We thank the reviewer for recognizing that our approach "appears original in its combination of existing ideas” and that we provided “thoughtful” evaluations and demonstrations of our method. We clarified some raised issues below
Section 2.2 could benefit from being made more accessible to readers who are not experts in the subdomains of variational inference and sequential Monte Carlo methods. The authors should make clear how to explicitly implement the technique.
We would be happy to make these points more clear in the camera-ready version! We did provide additional implementation details in the appendix plus some of the code (which we by now also cleaned and re-organised, and will link in the camera-ready version).
But doesn't LFADS (and NDT?) allow generation of noisy latent trajectories (in the LFADS "factors") that reproduce variability in the data?
The reviewer is correct that LFADS can also be used to generate latent trajectories (instead of inferring them), though it is not commonly used in this way.
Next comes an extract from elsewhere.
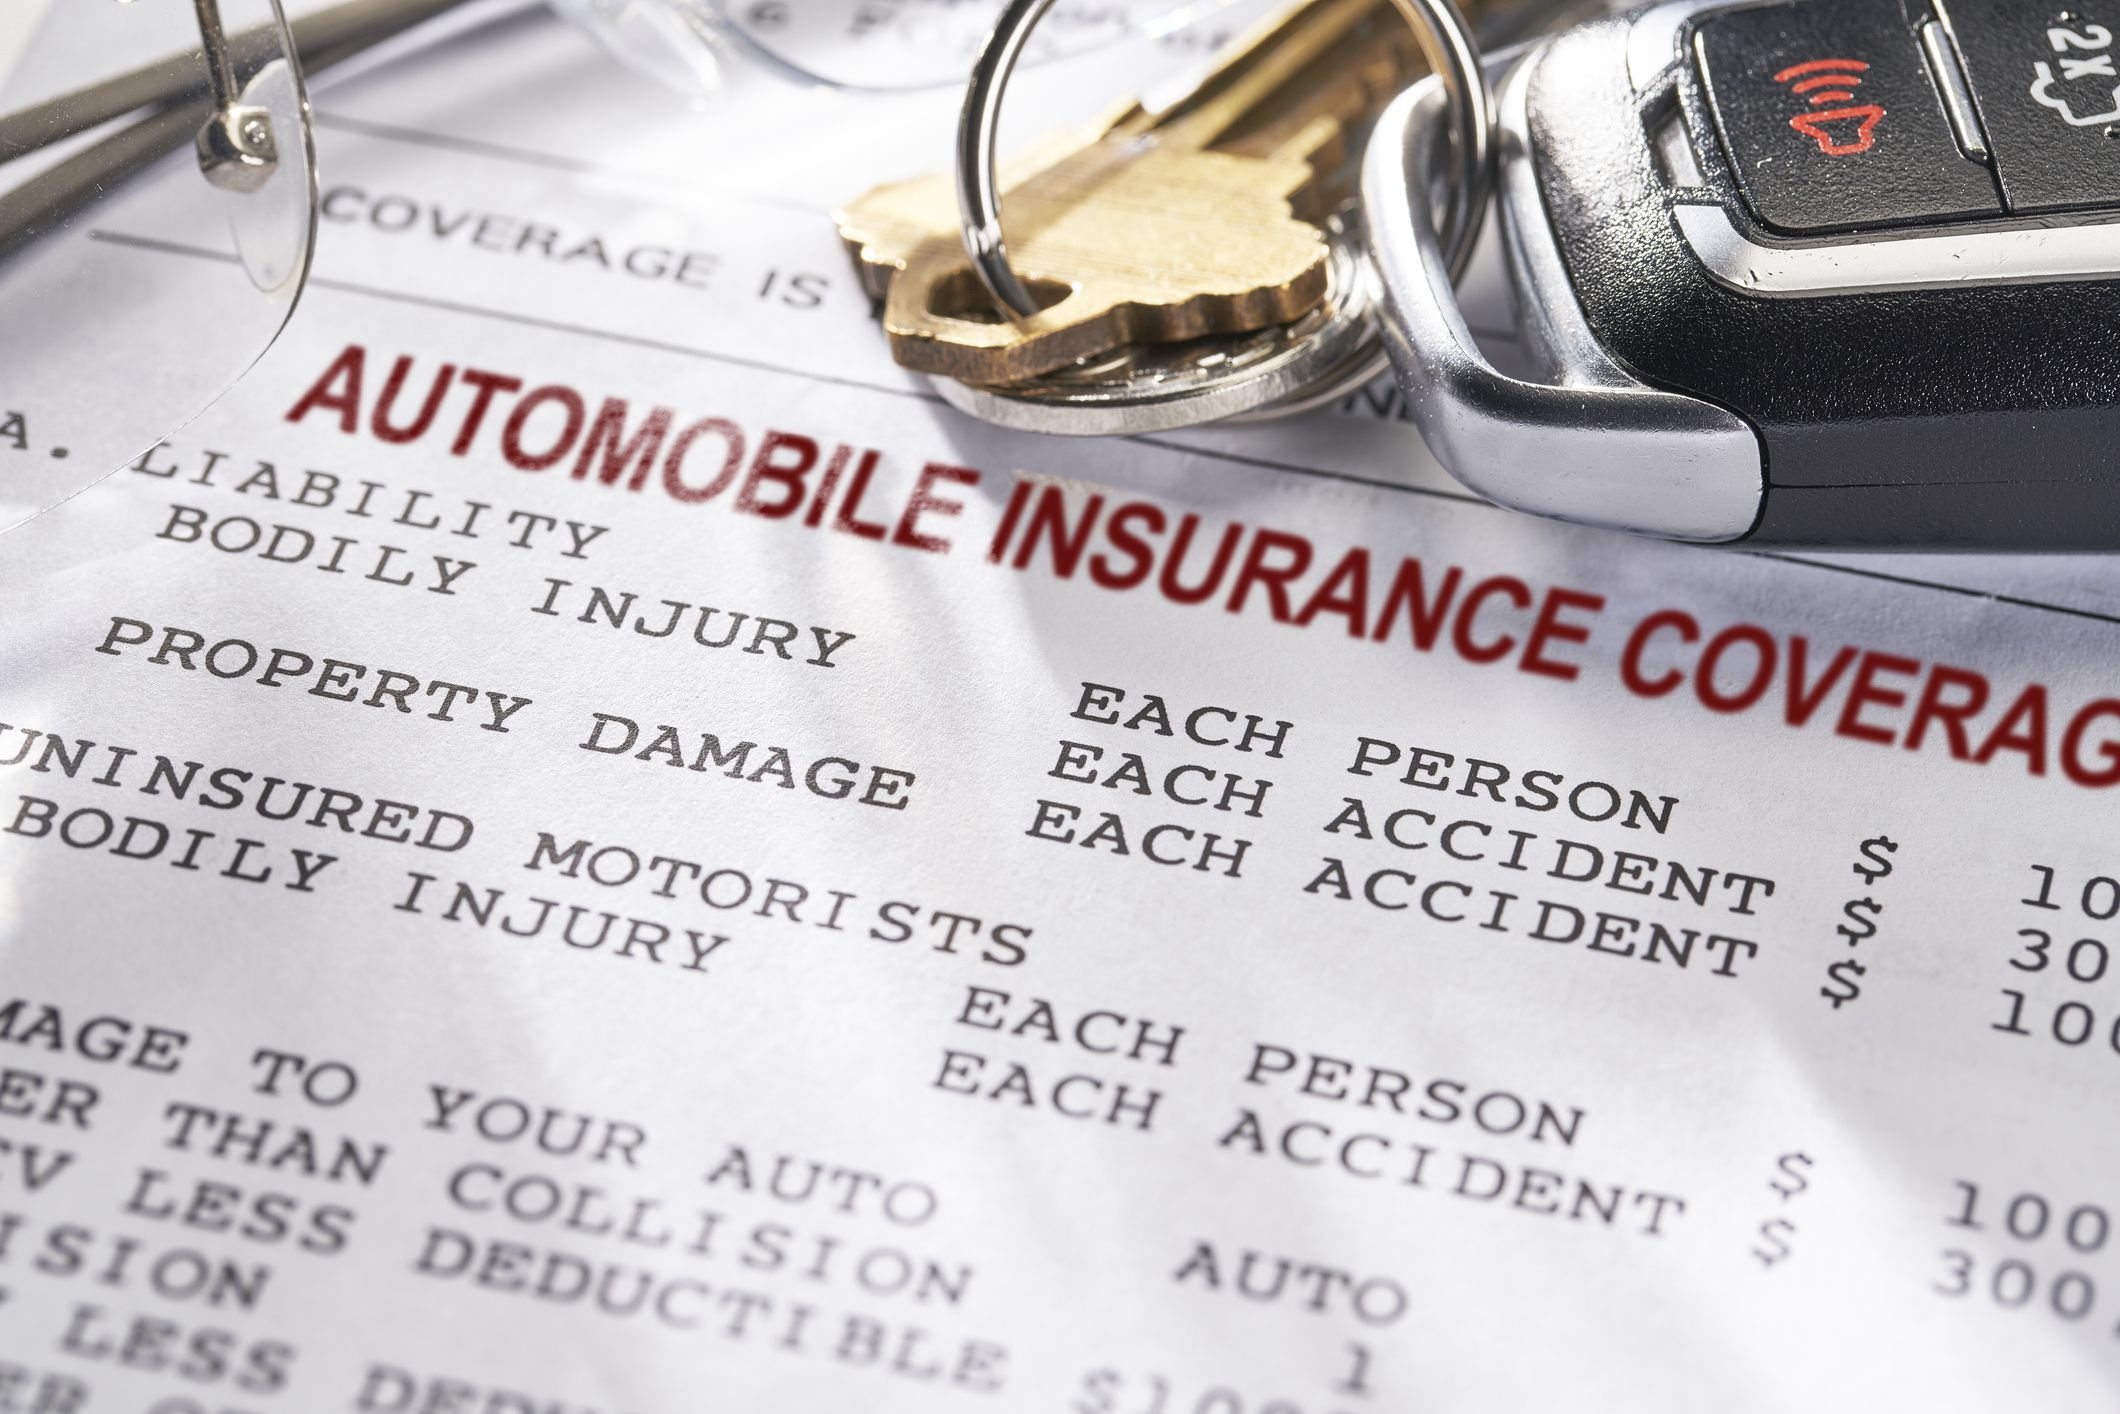 15 Tips And Ideas For Cutting Car Insurance Costs within dimensions 2120 X 1414

We now explored sampling from LFADS, both using the autonomous version, and when using the controller, after training on the rat HPC 2 dataset (Rebuttal Fig. C, D). In the case of an autonomous LFADS model, one samples an initial condition from the prior and then simulates a deterministic RNN forward. As on long sequences not all variability can be explained by variability in the initial condition, the latents end up not representing any variability that resembles the underlying system (Rebuttal Fig. C, cf. Manuscript Fig. 3). In the case of a full LFADS model with the controller, one can sample both an initial condition and time-varying inputs from the controller’s autoregressive prior. The full model seemed to rely overly on the controller’s data-inferred inputs, which deviated quite strongly from the samples from the controller’s autoregressive prior (Rebuttal Fig. D left). As a consequence, the latents do not seem to represent variability that is meaningful (Rebuttal Fig. D right).
In general, accurately inferring firing rates from data does not necessarily translate to generating realistic data. NLB metrics do not evaluate generative quality, and in fact many high-performing methods in NLB are not used as generative models at all (e.g., NDT). We stress that performance on NLB is not the central focus of our method, and when it comes to generation our method outperformed relevant baselines.
What is meant exactly by "tractable dynamics"? Is there a distinction between "tractable" and "interpretable"?”
With “tractable” we mean that properties of the dynamics, such as fixed points, can be obtained (exactly) in a computationally feasible way. The ability to compute fixed points of the dynamics efficiently can aid in interpretation and understanding the model’s underlying computations (see e.g., [1]). We will clarify this in the camera-ready version.
Why is the proposed technique compared to Generalised Teacher Forcing in the EEG experiments, but not in the synthetic setups (Fig 3) or the spiking data (Figs 5-7)?
We thank the reviewer for pointing this out. We have now run GTF on one of the teacher student setups of Fig. 3A (see Rebuttal Fig. B). The deterministic student model that is fit with GTF doesn’t capture the latent dynamics of the stochastic teacher model well, and generated samples from the deterministic student are not as similar to the teacher model as when the student is fit with our method. As noted in the summary response, we did not compare GTF on data with Poisson observations, as GTF requires an invertible observation model, a limitation our method also overcomes.
How does the technique fair when observations from the true underlying system reflect private noise processes (e.g., measurement noise, variability in neurotransmitter release, etc)?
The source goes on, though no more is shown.